# BRIEF
Below, some lines carry pictures; leave those pictures out and retype exactly the lines from the one with "7ef9aa90b8a68 Nike Air" through the one with "Shop de mooiste dames sieraden van Karma!".

# STORED DATA

○ ○ ○ ○ ○ ○ ○

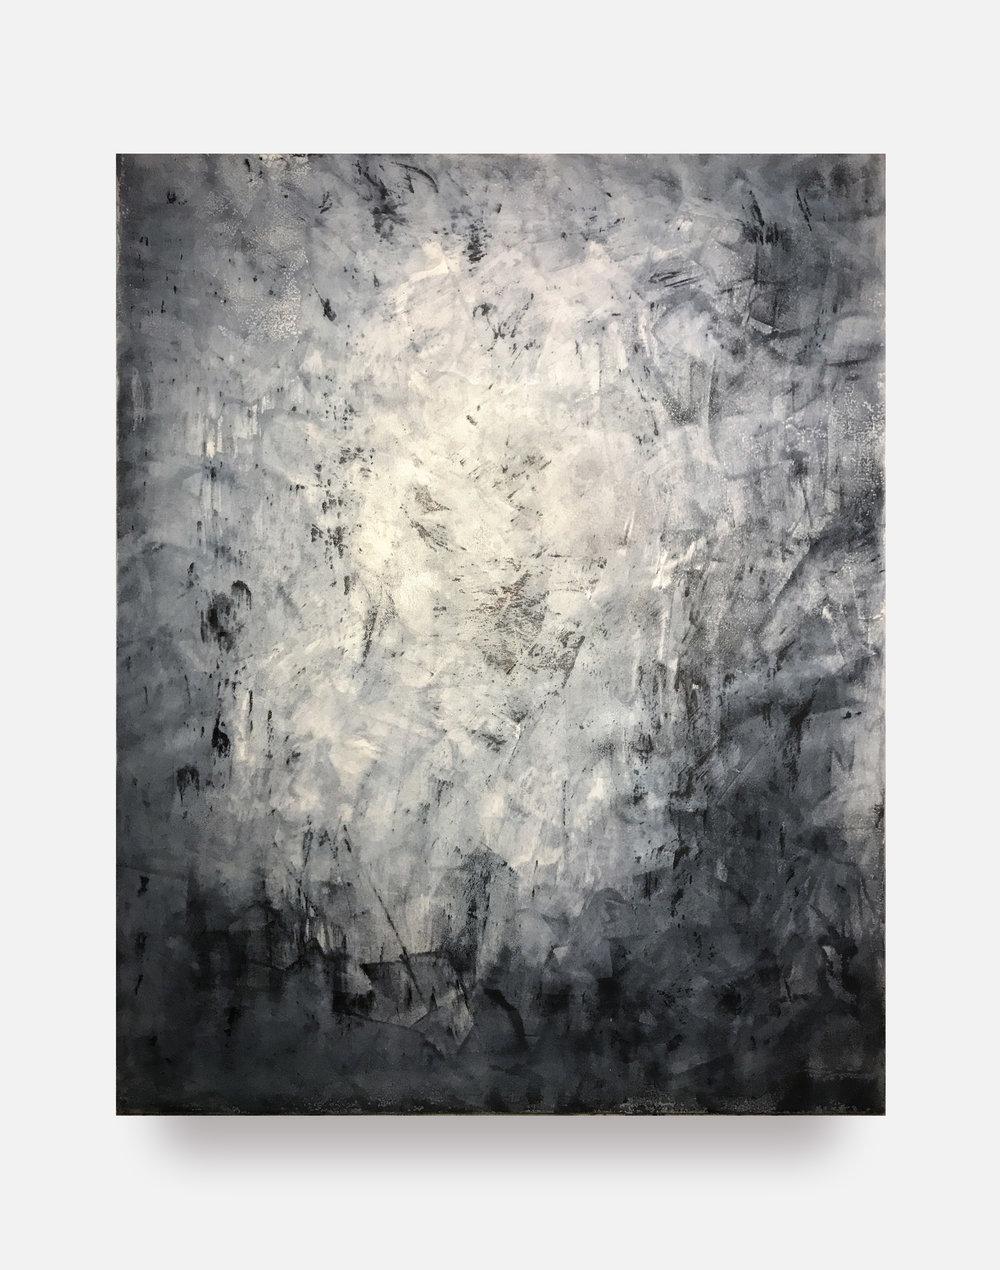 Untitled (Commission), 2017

○ ○ ○ ○ ○ ○ ○

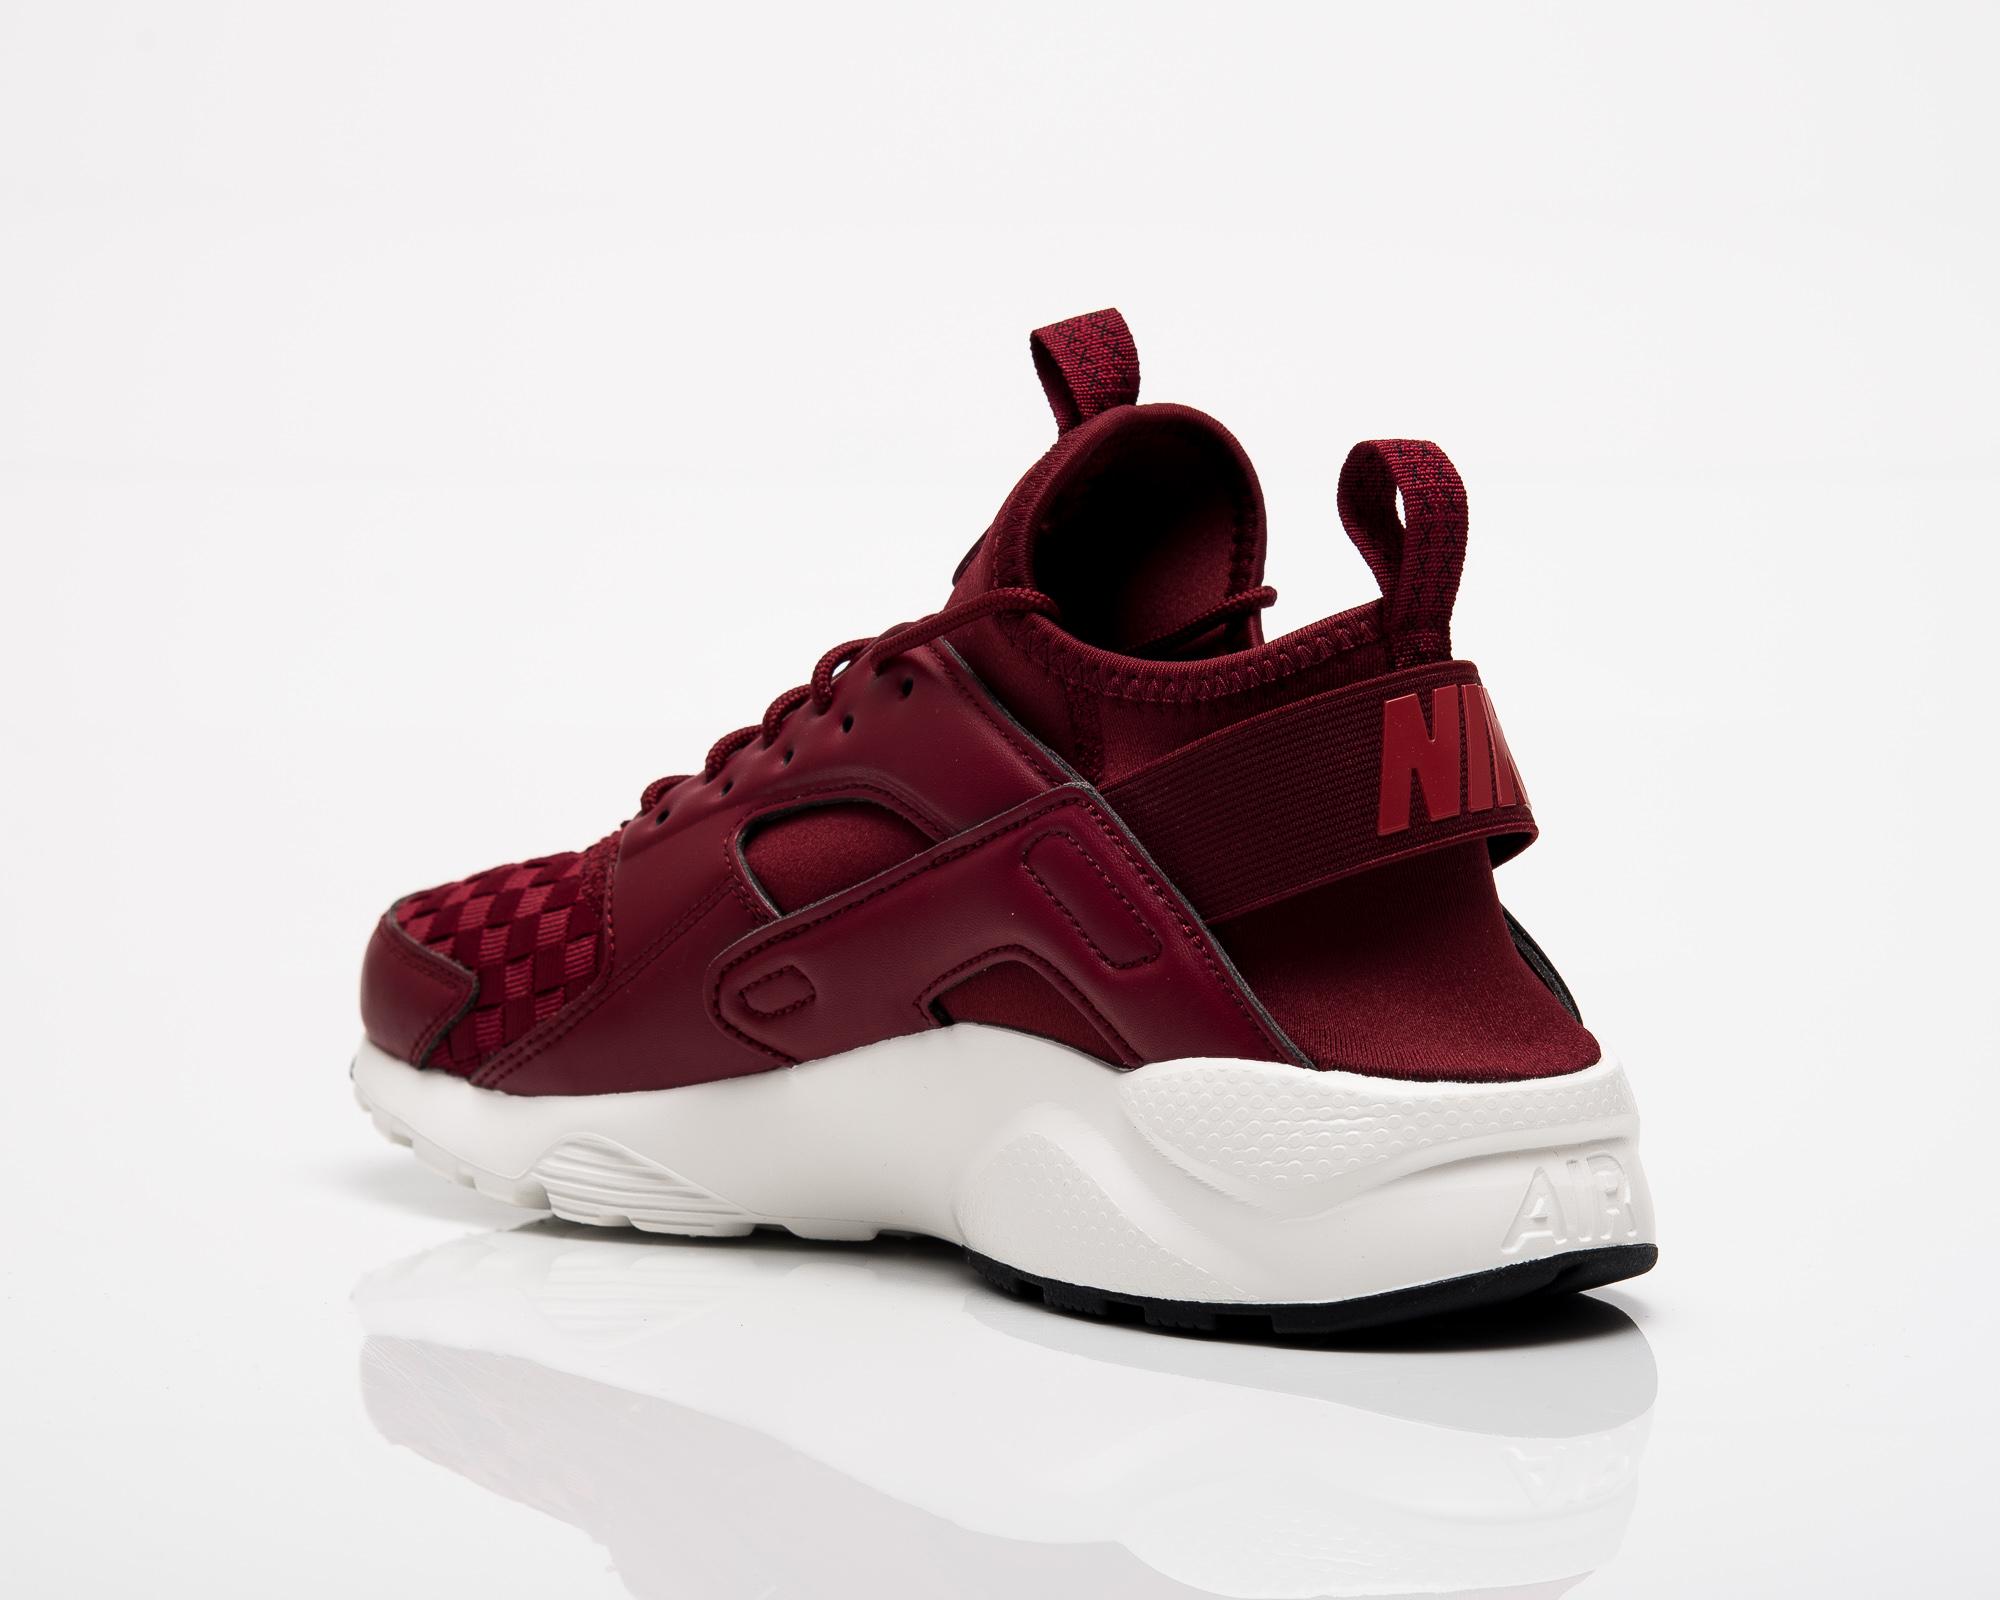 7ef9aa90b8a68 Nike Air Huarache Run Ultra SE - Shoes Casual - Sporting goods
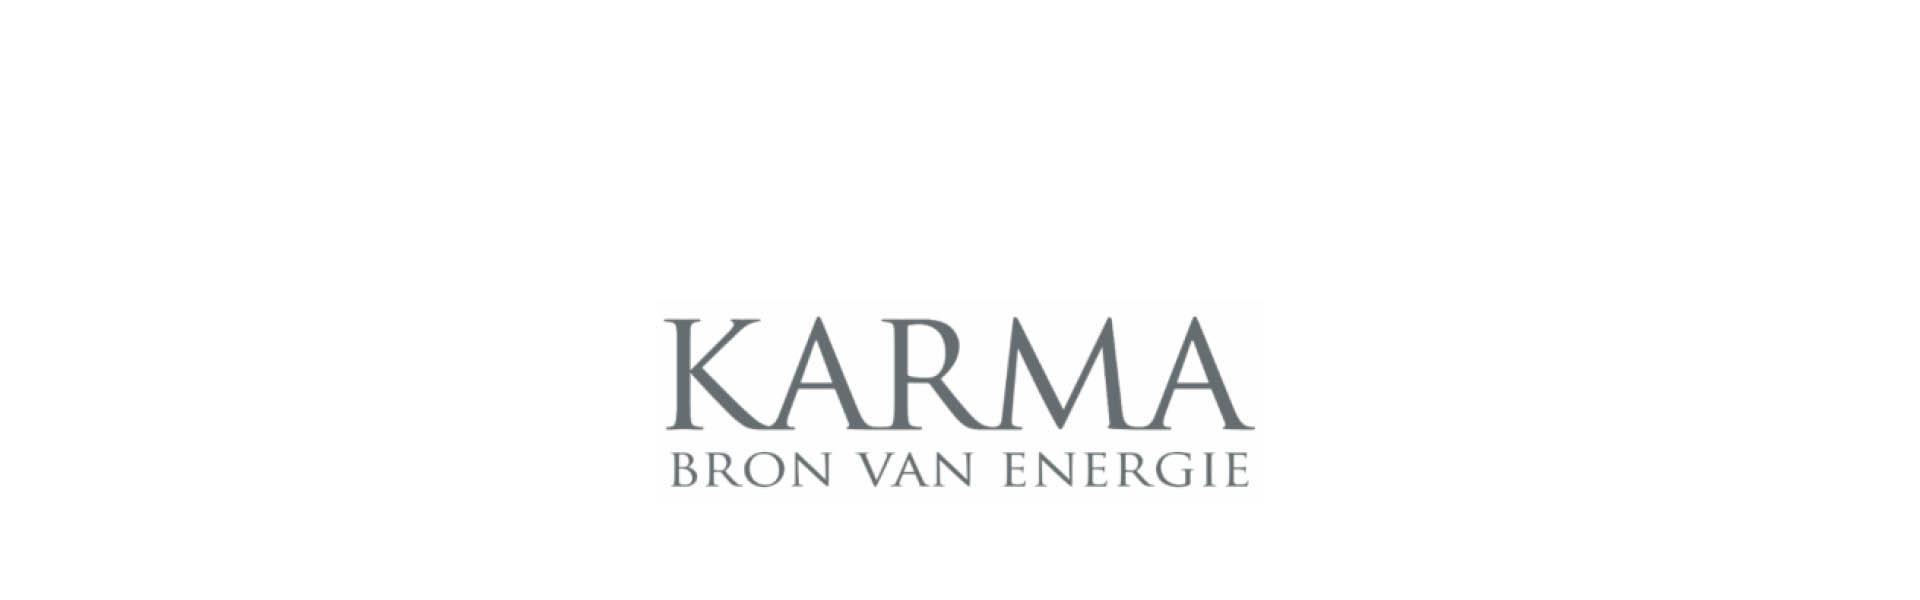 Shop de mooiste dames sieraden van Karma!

○ ○ ○ ○ ○ ○ ○

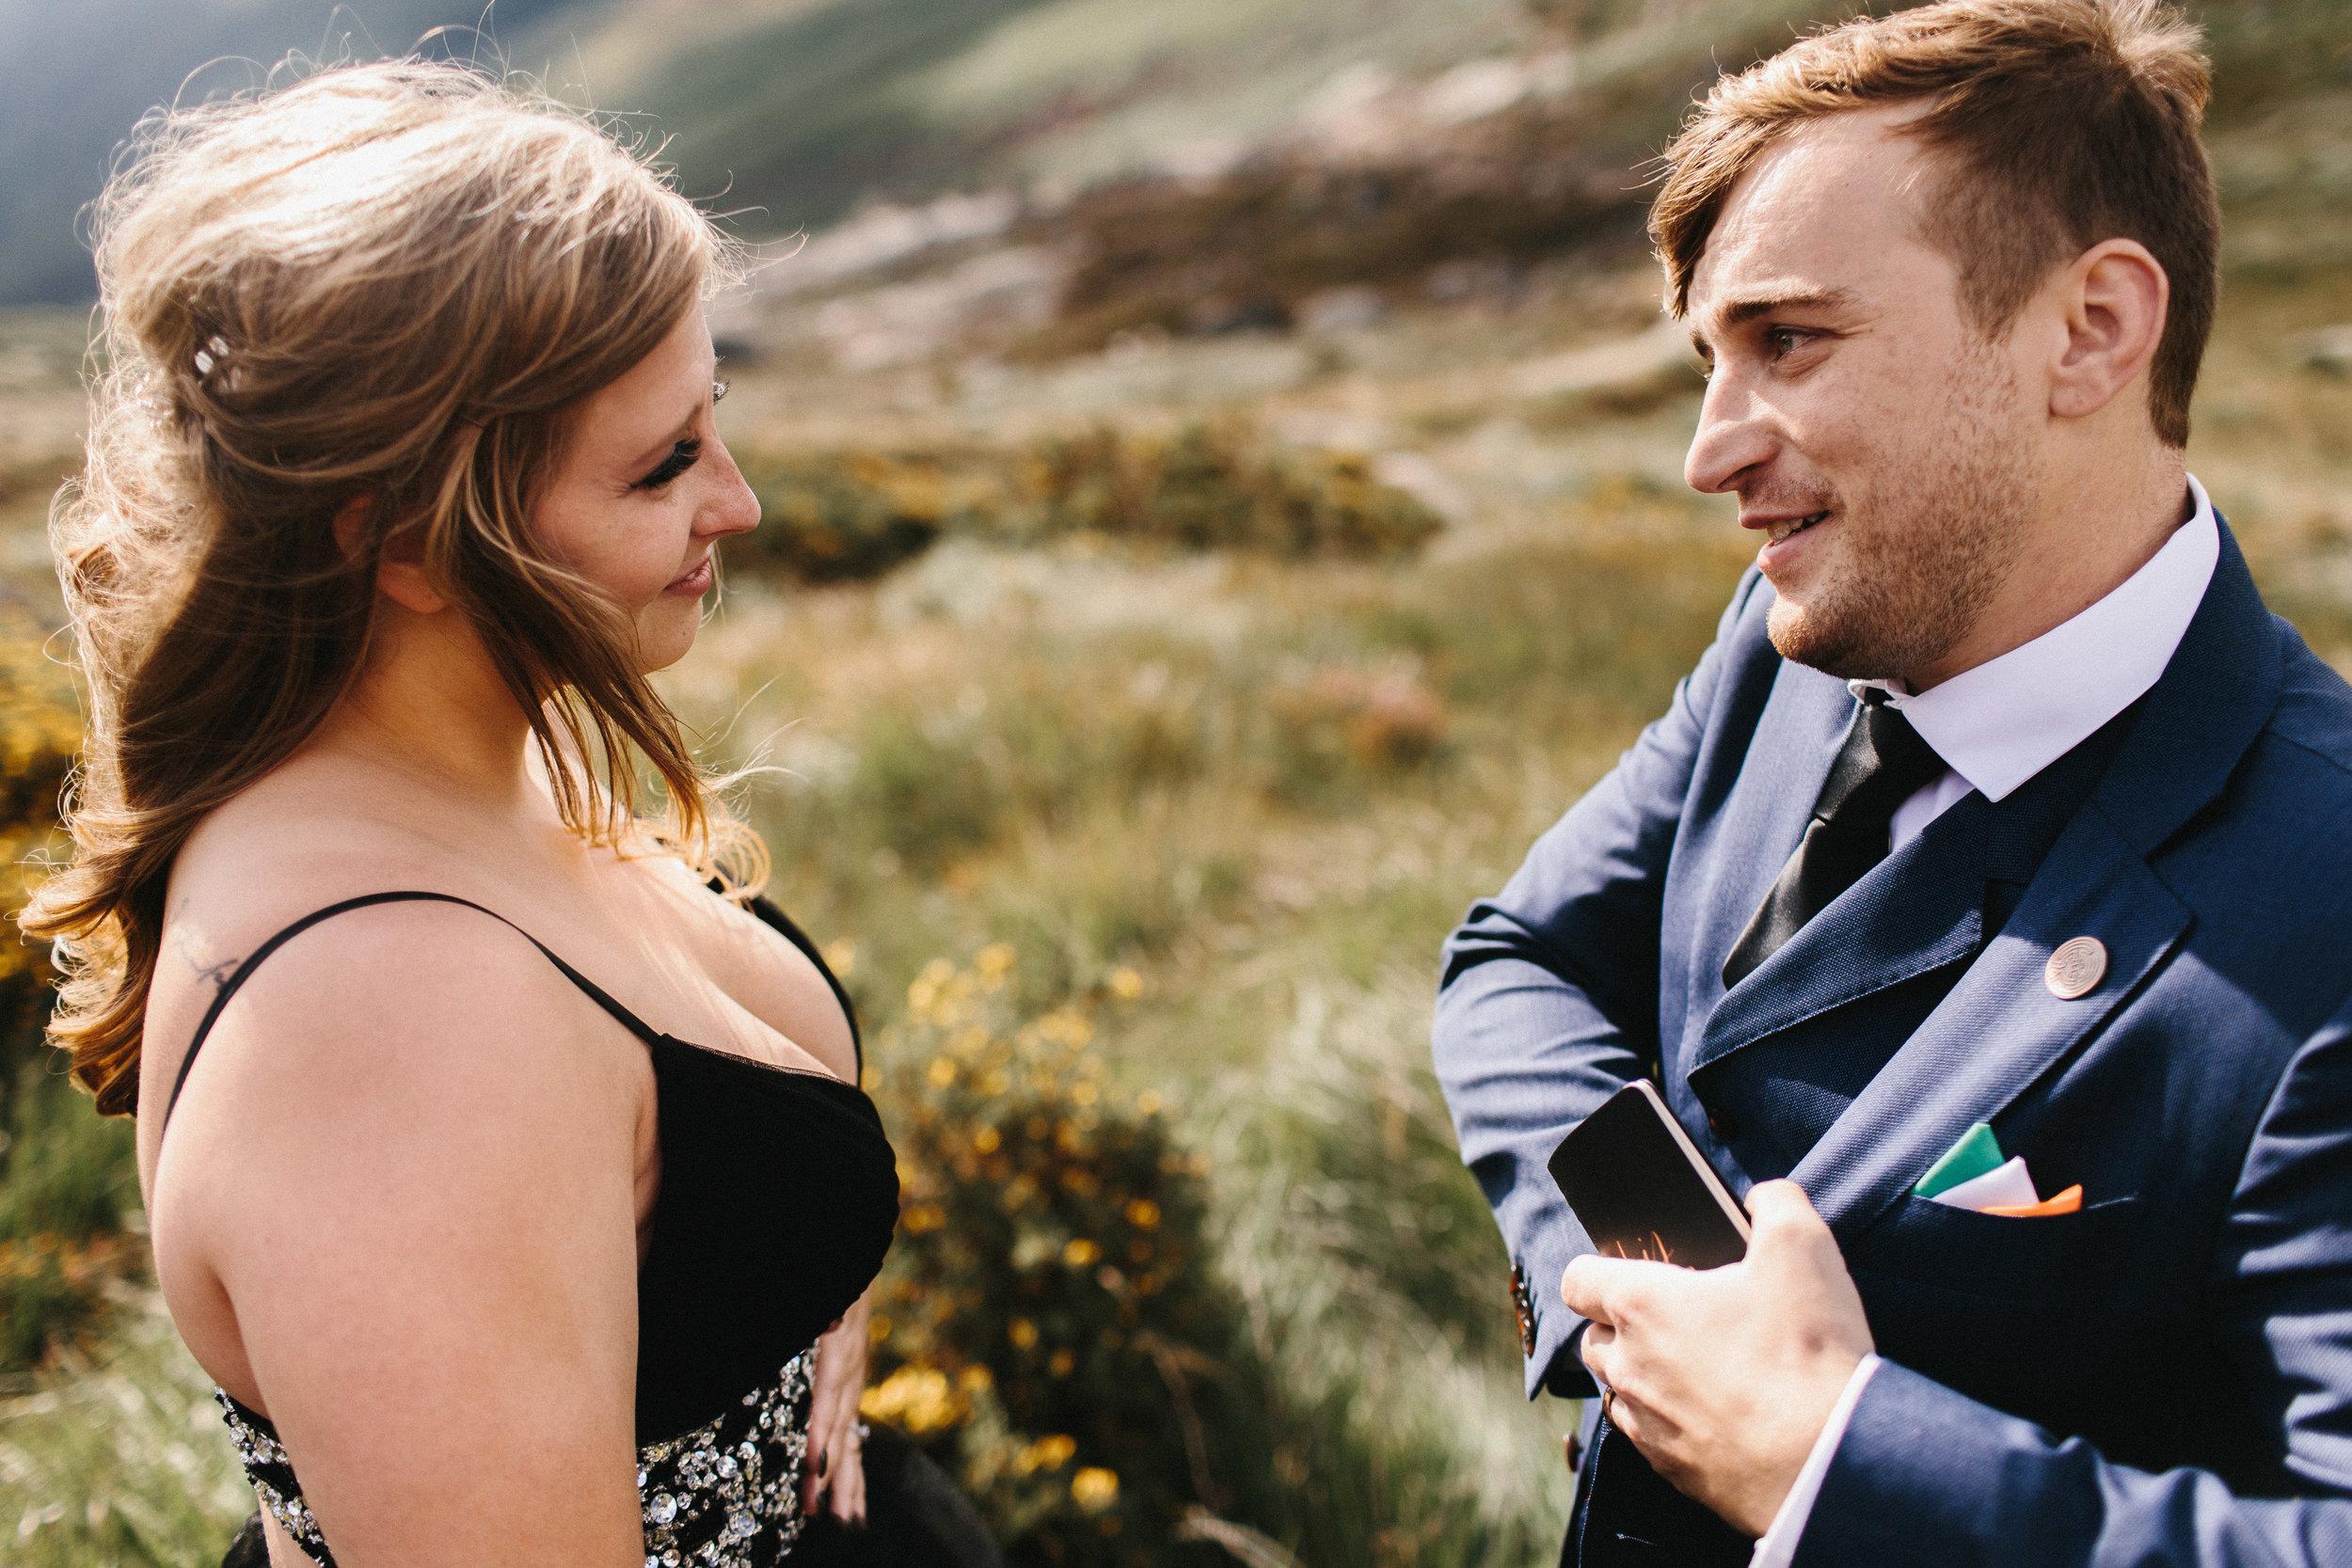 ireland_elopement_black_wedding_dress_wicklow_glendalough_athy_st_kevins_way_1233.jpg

○ ○ ○ ○ ○ ○ ○

# RESPONSE BELOW
 7ef9aa90b8a68 Nike Air Huarache Run Ultra SE - Shoes Casual - Sporting goods
 Shop de mooiste dames sieraden van Karma!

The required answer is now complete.